This is a command-line interface (CLI) for the VisionCaptioner tool. It allows you to batch process images and videos without opening the GUI window. You can use it to generate text captions (using Qwen-VL or Google Gemma 4), segmentation masks (using SAM3), or extract frames from videos based on a text prompt.
Run the script using Python from your terminal or command prompt:
python cli.py --folder "/path/to/images" --mode caption[Auto-Configuration from GUI]
By default, the CLI attempts to read settings.json (which is generated by the GUI).
If you have configured your settings in the GUI previously (for Captioning, Masking, or Video Extraction), you do not need to specify them again in the CLI. Just pointing to the folder is usually enough.
These arguments apply to all modes.
--folder (Required)
Path to the folder containing your media files.
- For 'caption' and 'mask' modes, this should be a folder of images/videos.
- For 'video' mode, this can be a folder of videos OR a path to a single video file.
--mode
Operation mode.
Options: caption, mask, video
Default: caption
--output
Optional. The folder where extracted frames and masks from 'video' mode will be saved.
If omitted, files are saved to the input folder.
--skip-existing
If present, the tool skips files that already have results.
- In Caption mode: Skips images with existing .txt files.
- In Mask mode: Skips images with existing *-masklabel.png files.
- In Video mode: This is not currently used.Command: --mode caption (Default)

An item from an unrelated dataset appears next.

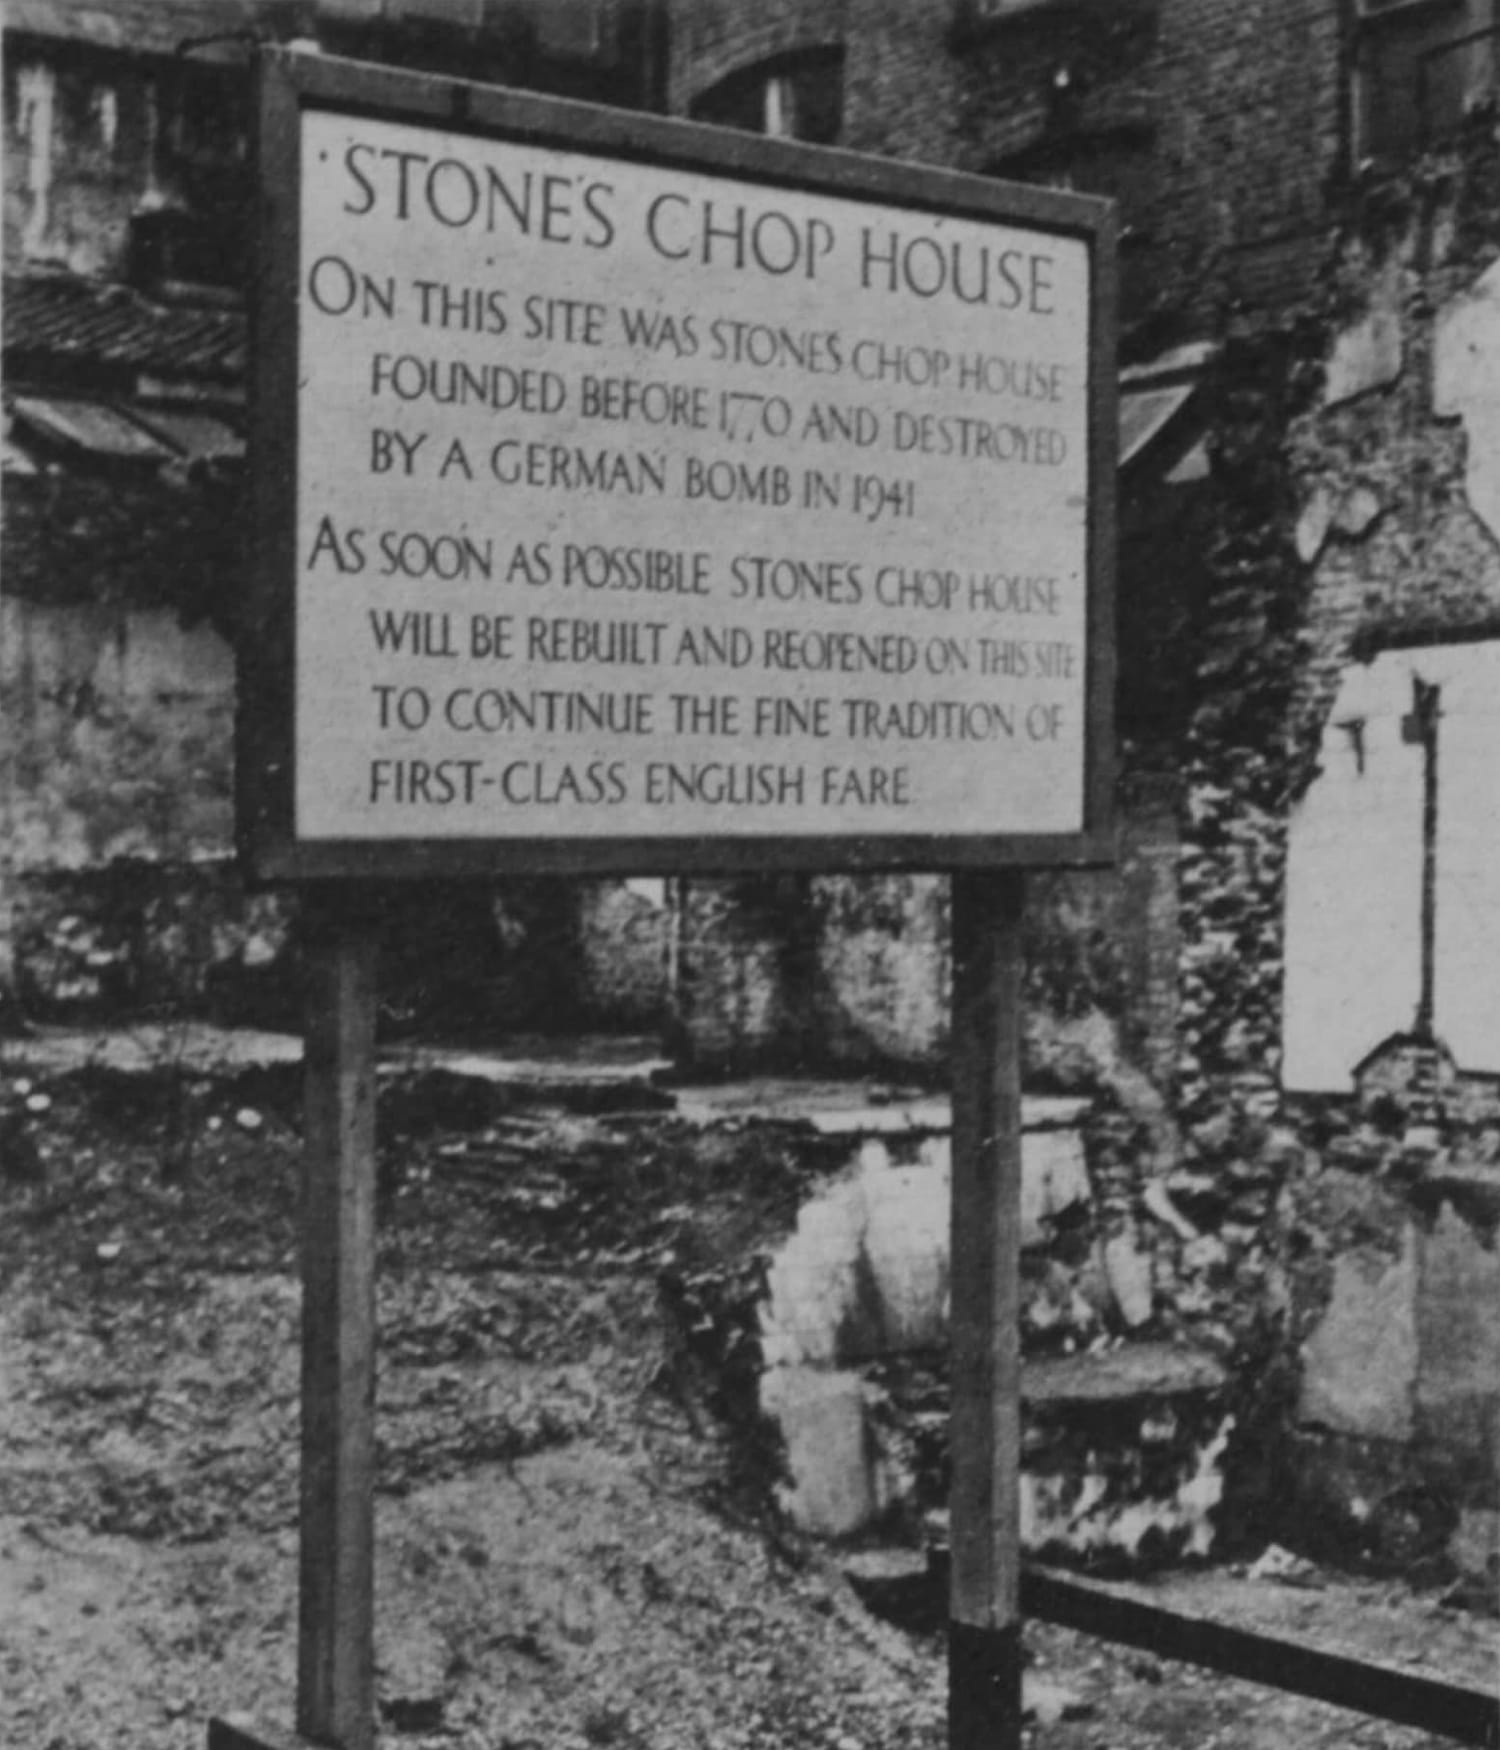 Hand-painted sign mounted to two wooden posts. It reads, ""Stones Chop House. On this site was Stones Chop House, founded before 1770 and destroyed by a German bomb in 1941. As soon as posible Stones Chop House will be rebuilt and reopened on this site to continue the fine tradition of first-class English fare."

These arguments control the captioning model for text generation. Both Qwen-VL and Google Gemma 4 model families are supported — the correct backend is selected automatically based on the model folder.
--model
The folder name of the model (inside the /models directory) or the
full path to the model.
--quant
Quantization level to control VRAM usage.
Options: None, FP16, Int8, NF4
Default: None
--res
Maximum image resolution (side length). Used by Qwen models.
Ignored for Gemma 4 (which uses --vision-tokens instead).
Examples: 336, 512, 1024
Default: 512
--vision-tokens
Soft visual token budget per image for Gemma 4 models.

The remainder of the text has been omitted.